In this blog, I’ll summarize a generic way to find out the number of seconds, minutes, days between two time points in Python using the functions provided in the powerful pandas and numpy libraries. Thanks to the brilliant R package reticulate, I am able to run Python codes in R and write this blog comfortably using R markdown.

Preparing the environment

Loading required R libraries

ipak <- function(pkg){
  new.pkg <- pkg[!(pkg %in% installed.packages()[, "Package"])]
  if (length(new.pkg))
    install.packages(new.pkg, dependencies = TRUE)
  try(sapply(pkg, require, character.only = TRUE), silent = TRUE)
}
packages <- c("reticulate")
ipak(packages)
## Warning: package 'reticulate' was built under R version 4.1.2
## reticulate 
##       TRUE

Set up the R-Python environment

library(reticulate)
# use_python(Sys.which("python"))
# use_condaenv("py3.7", required = TRUE)
use_condaenv("r-reticulate")

Install required Python libraries

py_install("pandas") # install pandas if it is not available
py_install("numpy")

Import required Python libraries

import pandas as pd
import numpy as np

Timestamps in pandas

In pandas, we can access the current time easily via

timestamp_now_UTC = pd.Timestamp.now(tz="UTC")
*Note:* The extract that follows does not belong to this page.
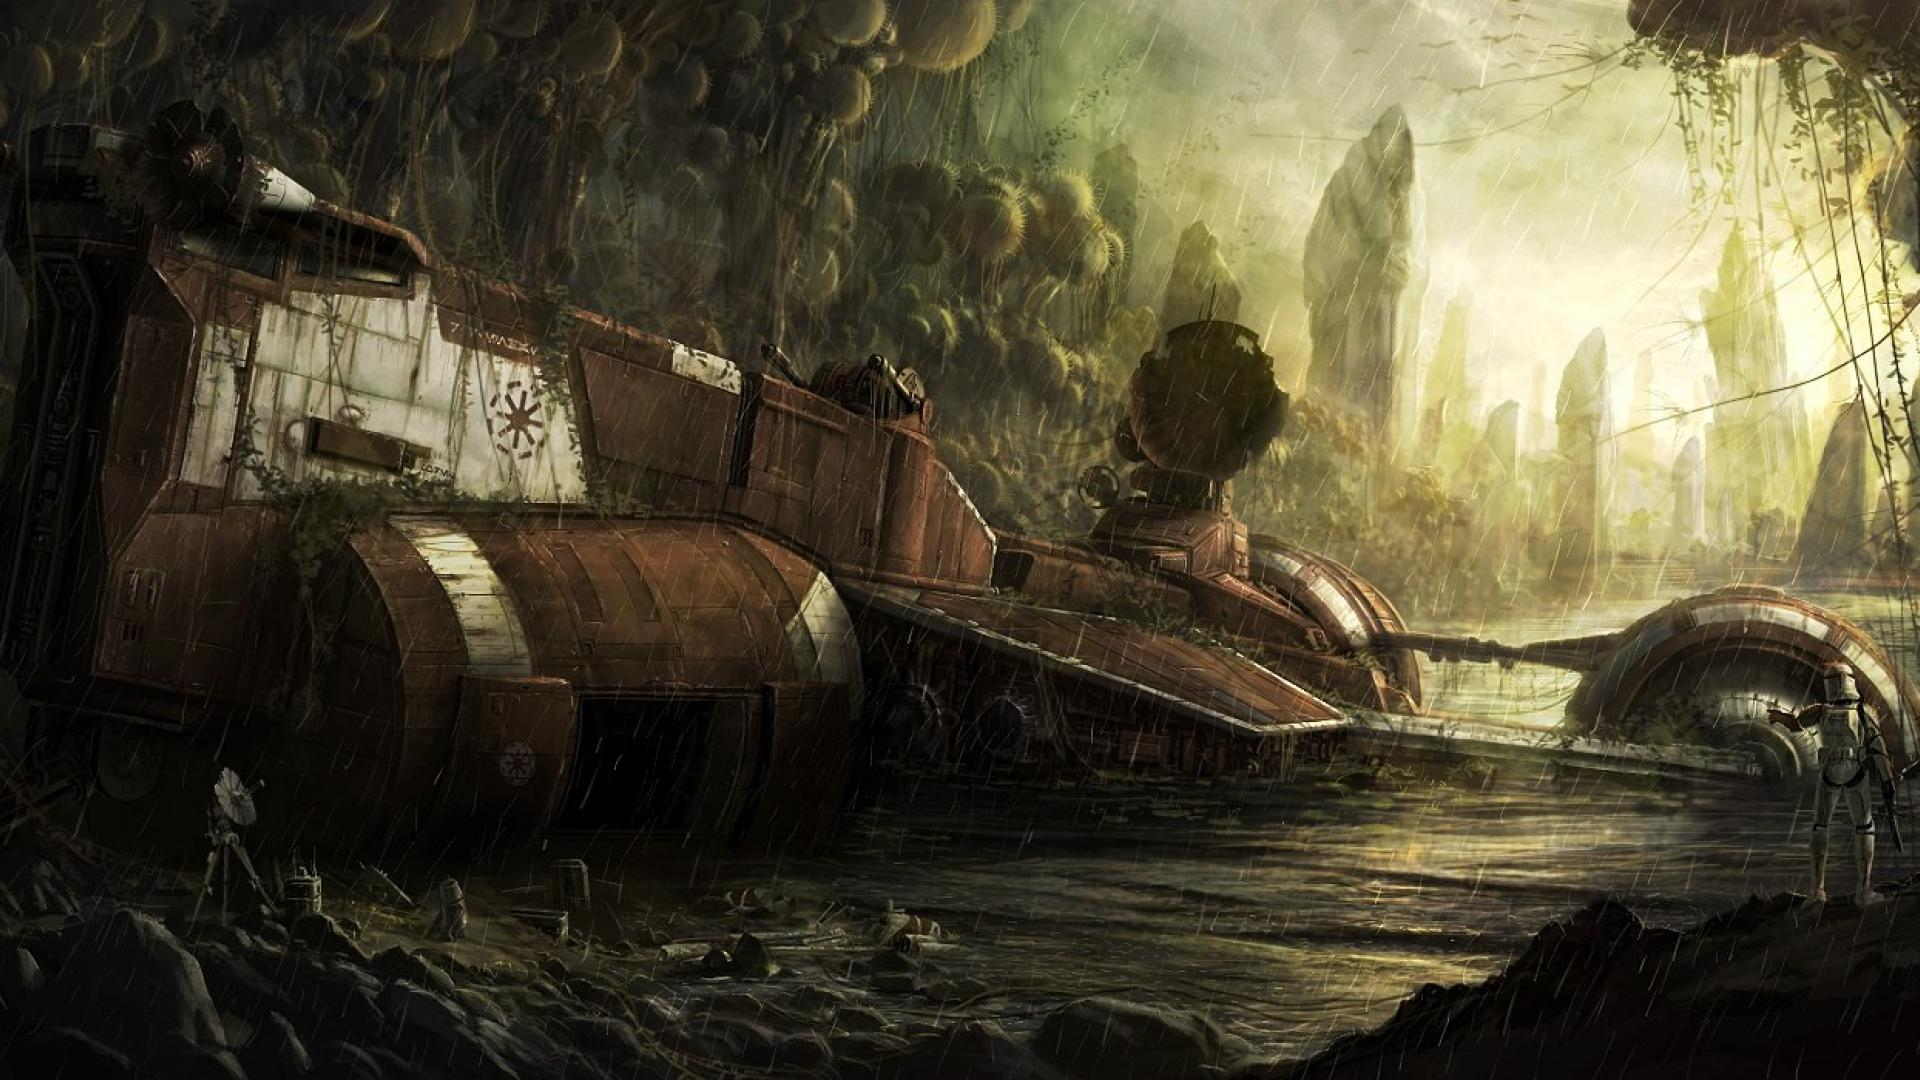 Star Wars Ships Wallpapers - Wallpaper Cave

We can also construct an arbitrary time by setting up the year, month, day, hour, minute and even second

timestamp_UTC = pd.Timestamp(year=2020, month = 8, day = 1, hour = 1, minute = 1, second = 25, tz="UTC")

We can find out the difference between the above two timestamps by

# find out the difference
timestamp_diff = timestamp_now_UTC - timestamp_UTC
print(timestamp_diff)
## 557 days 05:28:08.942866

However, pandas does not provide us an easy way to convert this difference into a number representing this difference in the unit of days, hours and minutes. To this end, we might want to leverage some functions in numpy.

Convert time difference into numbers using numpy

If we want to know the difference in the unit of hours

#
UNIT = "h"
timestamp_diff_h = timestamp_diff.to_numpy().astype("timedelta64" + "[" + UNIT + "]").astype(np.int32)
print(timestamp_diff_h)
#
# timestamp_diff_h_float = timestamp_diff.to_numpy().astype("timedelta64" + "[" + UNIT + "]").astype(np.float32)
# print(timestamp_diff_h_float)
## 13373

If we want to know the difference in the unit of seconds

#
UNIT = "s"
timestamp_diff_s = timestamp_diff.to_numpy().astype("timedelta64" + "[" + UNIT + "]").astype(np.int32)
print(timestamp_diff_s)
#
# timestamp_diff_s_float = timestamp_diff.to_numpy().astype("timedelta64" + "[" + UNIT + "]").astype(np.float32)
# print(timestamp_diff_s_float)
## 48144488